I’ve been thinking about this for a while, you’ll see that if you head a couple of posts back, about te dividing line between copying and inspiration. This crystalised for me this week when I started rereading a book. I won’t name it, but I remember that, when I read it the first time, I was struck with the resemblance a major portion of the setting had to something I had read years before.
That may or may not have been inadvertent,. The author claims it was definitely based on the other work, but it had been inadvertent, and it was possible, but rereading it got me thinking. What is the dividing line between inspiration and theft? Is the Law being used to restrict use of works far beyond the original intention.
An analogy.
Making dinner. I had leftover tagliatelle. I had the notion of doing a Tagliatelle Salsicca. Now, I’m sure it’s a standard recipe somewhere in Italy, I’ve no doubt seen a recipe someplace, but I’ve only ever had it in DiMaggio’s in Shawlands. Salsicca has a tomato based sauce, and we’ve had to many tomato and meat meals this last week.

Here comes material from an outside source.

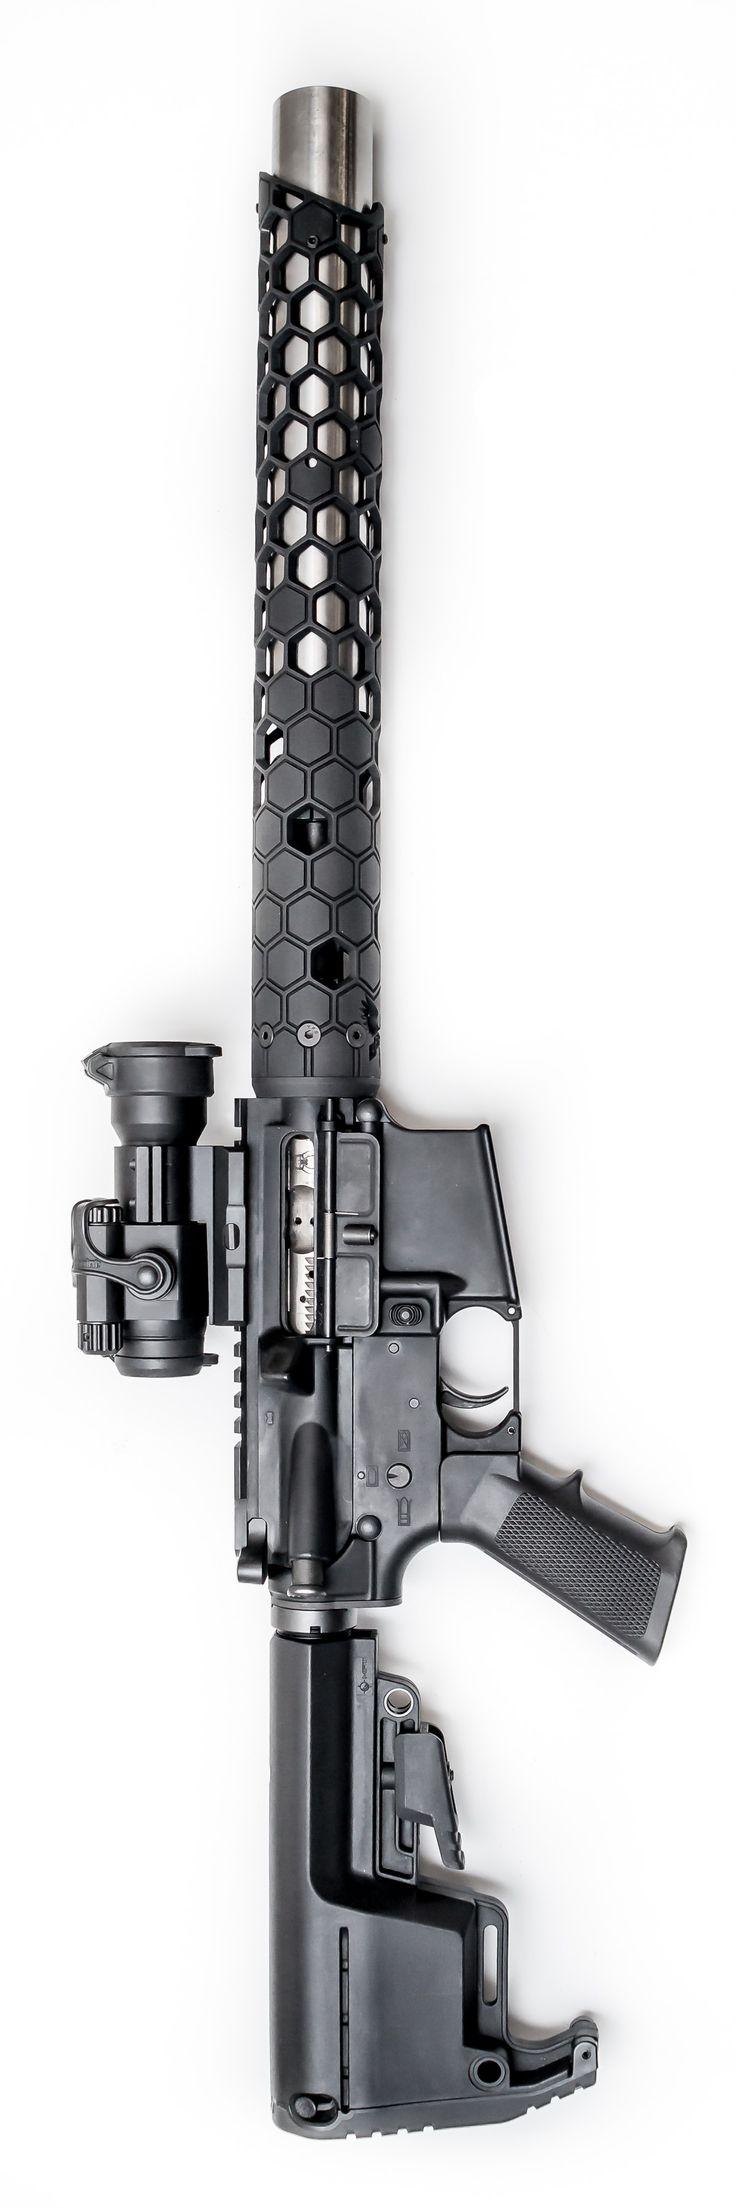 Integrally Suppressed AR-15 Upper in .223 5.56 Caliber - NEW Integrally Suppressed 5.56 NATO AR Rifle Firearm Upper design by Witt Machine & Tool. @aegisgears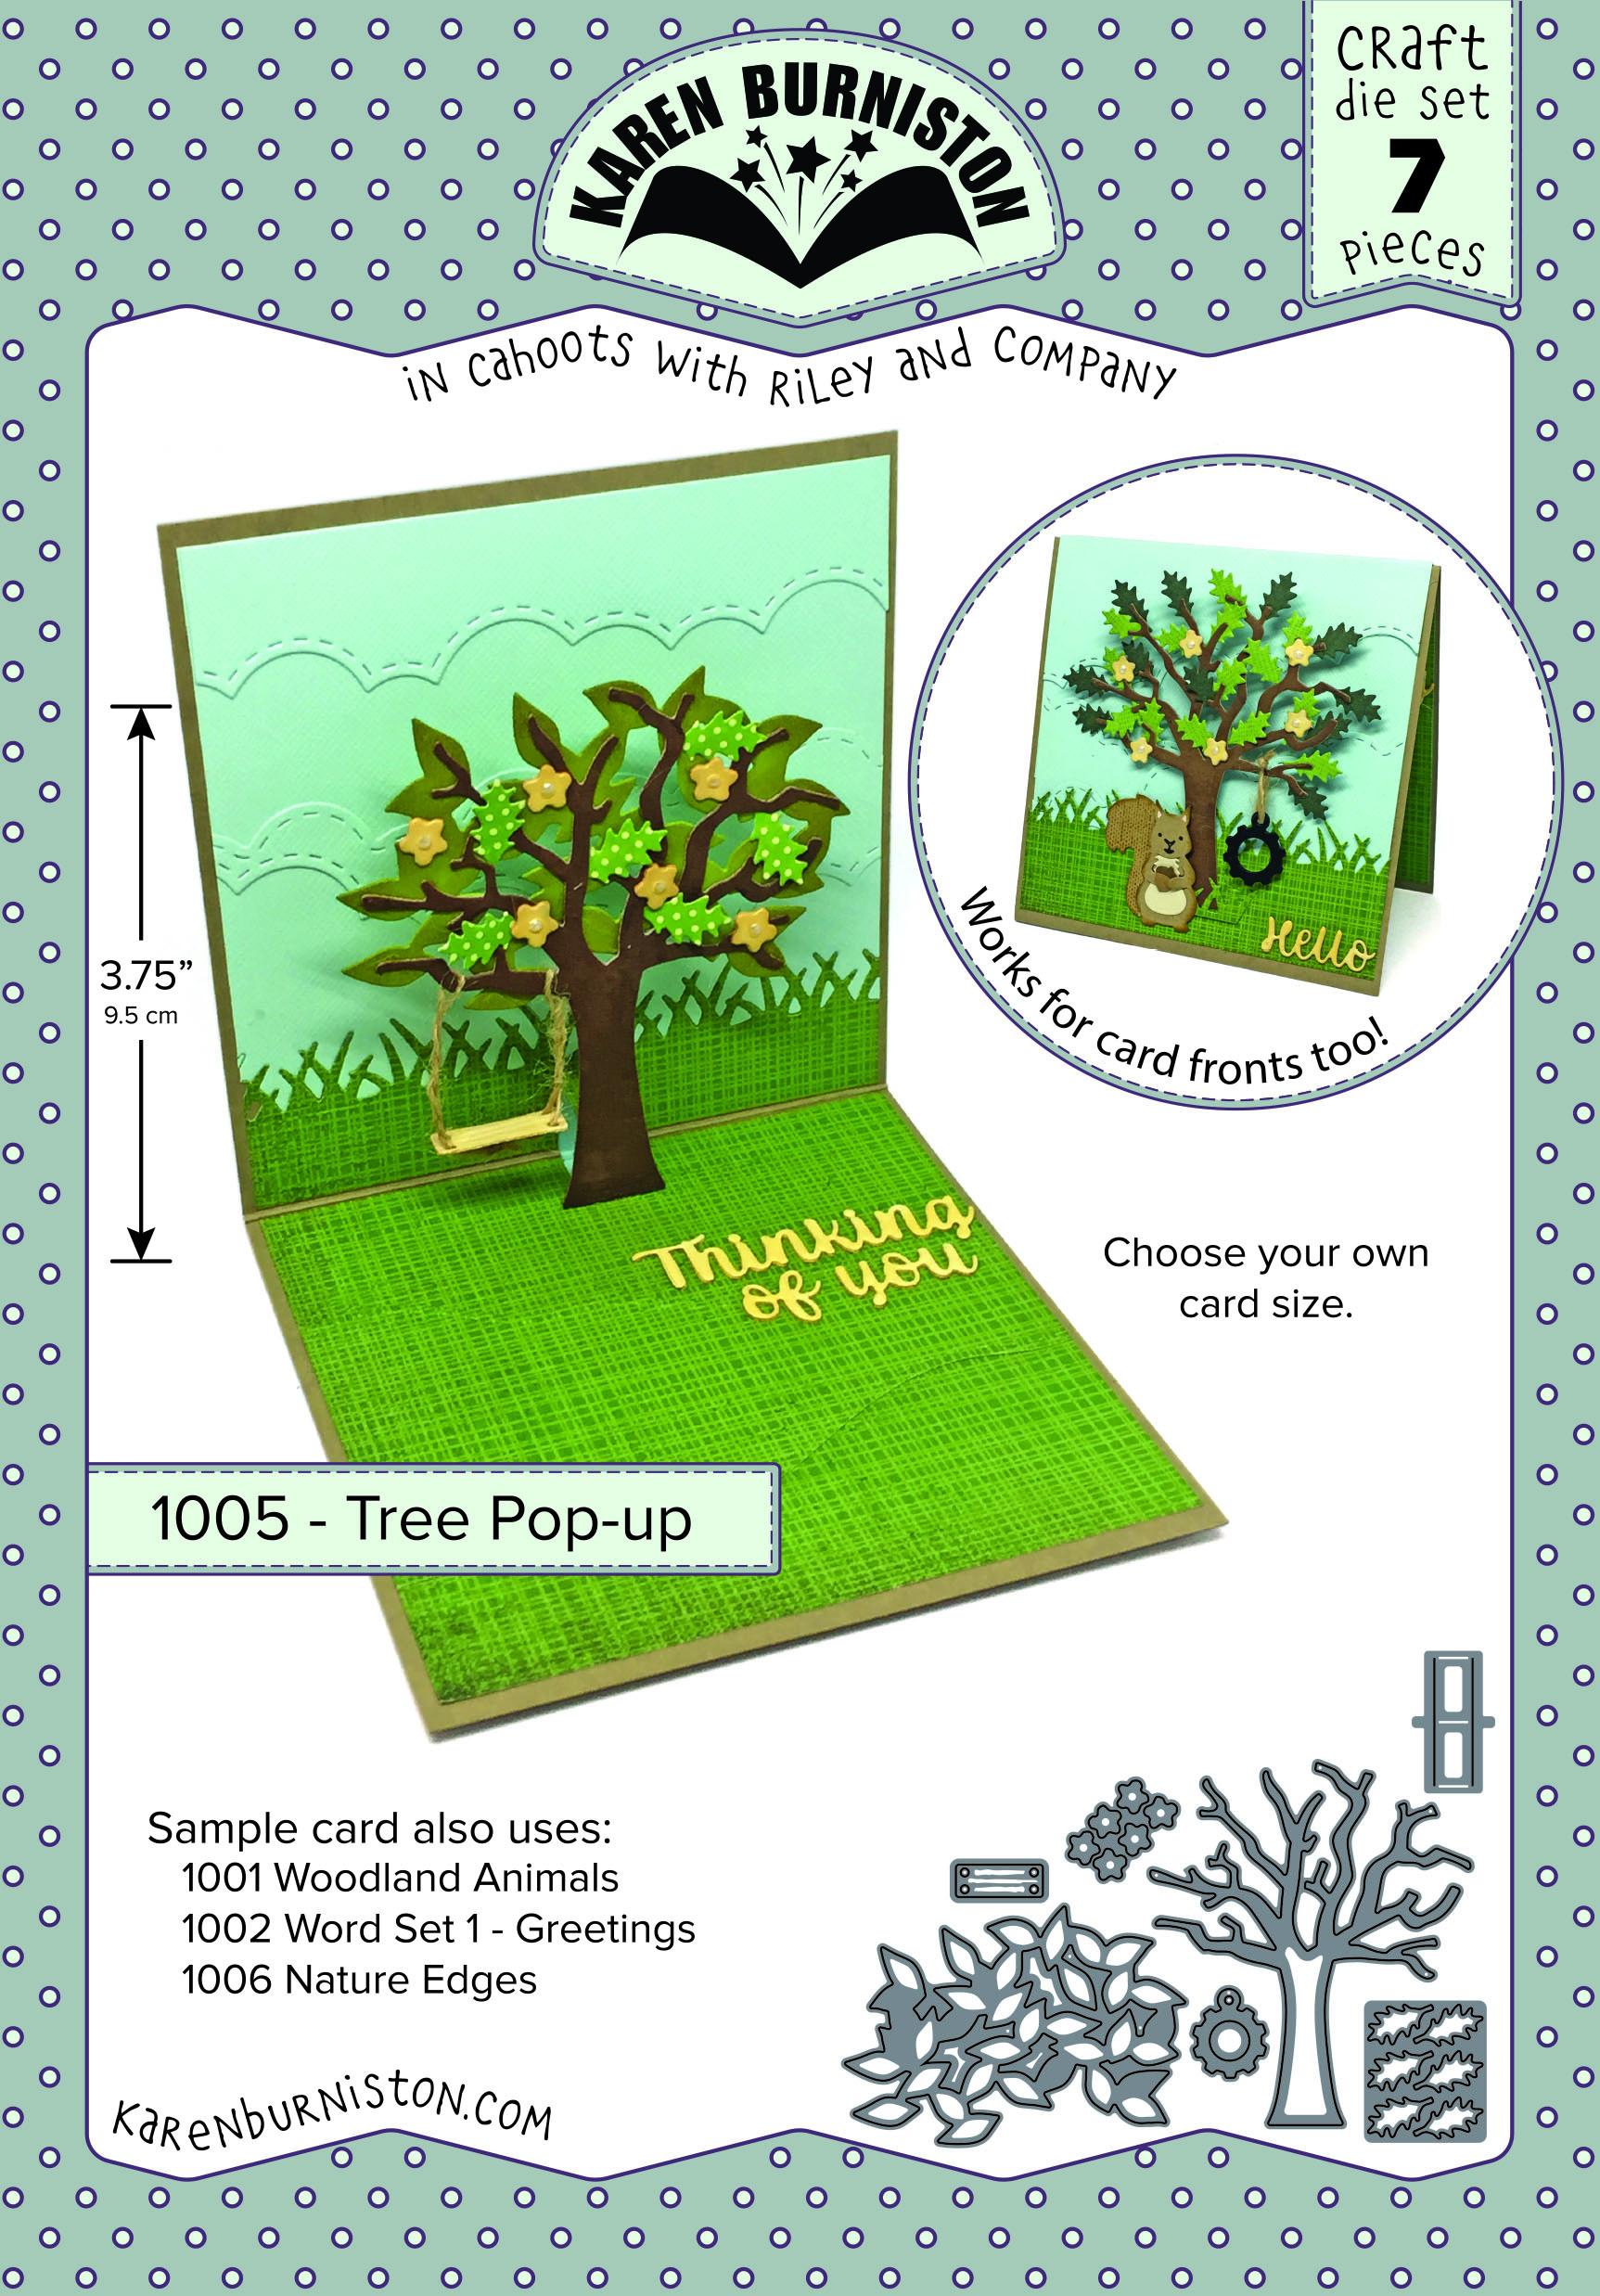 1005-treepopup.jpg

So, I cooked the sausages, with mushrooms, garlic, onions and a leftover half of a green pepper, finely chopped, but I covered it in a pepper sauce, not a tomato one.
So, I was inspired by a product from another, is it a derivative work, when the end product has a different flavour, even if most of the ingredients were the same?
Famously there are only supposed to be a limited number of story plots in the world, the flash the author puts on them, the details and the story telling make the difference, so any one story can resemble another, but where does the boundary between similar and rip-off lie.
A couple of decades ago, a famous author got into trouble when he published a set of short stories, of which the headline one had a twist they’d read in some short stories they had judged. The reply was that “this was the author’s version”.
I wrote a short story in June. It’s my story, but I had been describing the L Sprague de Camp story “The Hardwood Pile” to my wife, and that set me onto the path of my story. it is different, and not just because mine lacks the easy humour and engaging writing of L Sprague de Camp, the events, result and participants are different, but it was inspired by, no two ways about it.
Am I a shameless rip off artist? I would say not, not that time anyway, the famous author had a tougher job justifying their story.
Role-playing games. It’s long established that ideas are not able to be afforded the restriction of copy-right, only the implementation. That is why RPGs after TSR’s original D&D exist without paying royalties to Hasbro. There can be arguments made about “derived works” if the product was too similar to the original, but the successors rarely went down the same path as D&D so escaped.
Even D&D, it could be argued, was not born out of the ether with total originality. Personalities in imaginary lands had existed in wargaming previous to D&D, as had fantasy wargaming, so there were roots there.never mind kids just saying “I’m Tarzan, you three are poachers. Let’s play”
Ideas can be patented. Wizards of the Cost patented turning a card sideways to show it had been used. Now personally I think that is a silly patent, but at least it illustrates the point. Without that, I could publish a game that turned a card sideways, as long as I used original text to describe that.
With a patent, I have to licence it from, now, Hasbro, and pay a royalty. This brings us closer to my worry. There is a media giant that made a lot of money reselling public domain and out of copyright stories. It then used its influence to have the length of copyright extended to protect its works far beyond sanity.
None of us exist in a vacuum, bereft of other cultural influences. To quite Phil Kay “No man is an island, unless his name is Madagascar”. Funny joke. We are all connected, but even that joke depends on a familiarity with Milton’s “no man is an island”, even if you don’t know who wrote it or in what context. That media giant is in the US. The US exports its rules on patents and copyrights around the world via WTO negotiations, so the chilling effect on our future culture is being chilled.
The Law is being used to pull the ladder up behind those who have made a success out of shared ideas and culture. Only officially approved and licenced works will be able to get wide distribution, and we will all be poorer for it.